When it comes to IBC, your offer means full recovery for banks, but the government also wants to send out a message that defaulting promoters will not be spared…
You cannot have a one-size-fits-all policy or rule. Our belief is that there should be a distinction. If there has been a promoter who has done something wrong, then obviously the rules for that scenario have to be different.
But if it’s just a business decision that has failed, then we should not talk about punishment there. If you are doing a business, there is no guarantee that you are going to have success all the time. India is trying to promote a huge startup culture and there are going to be failures. Also, if a business requires restructuring, it’s not necessarily a bad thing. It happened with the steel industry in 1999 and private steel companies were restructured and all of them recovered once the market corrected and they repaid all the facilities to the banks. In the global world also, there is no restriction on existing promoters from participating in the process or in the restructuring.
Over the past 7-8 years, apart from the IBC process, there was the CBI case and it has been a difficult period for the promoter family. What has that taught you?

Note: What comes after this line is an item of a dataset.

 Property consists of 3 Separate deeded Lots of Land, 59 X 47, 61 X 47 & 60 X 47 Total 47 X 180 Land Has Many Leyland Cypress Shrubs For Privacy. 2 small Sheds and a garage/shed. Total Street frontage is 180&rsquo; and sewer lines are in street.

The CBI case personally affected the family and we are happy that at the end of it our bona fide was confirmed by the court. As far as the business goes, it was a difficult period but I guess you have to be a little conservative in your thought process going forward. Some of the assumptions made earlier have turned out to be untrue and need to be calibrated. Other than that, it is not the first downturn we have had in the group and it is not going to be a smooth one-way sail, and not in an emerging market like India. Also, I believe that as the regulatory and judicial framework is getting clearer, businesses may not face the same kind of issues that people have faced in the past 5-7 years.
Why do you say that?
Because you are finding longterm solutions to regulatory problems. Things like cancellation of coal mining licences are not going to happen in the future because there will be a public auction, etc. Processes like land acquisition and environmental processes will be much less problematic because of the public processes put in place.
Do you see banks getting more comfortable now that you have deleveraged the group businesses?
I don’t think the deleveraging was because of the Indian banks. From a banking perspective, they pretty much have had a full recovery on all the assets that got de-levered, be it Essar Oil or Essar Global. The question is on us, how we look at leverage in a much more conservative way going forward.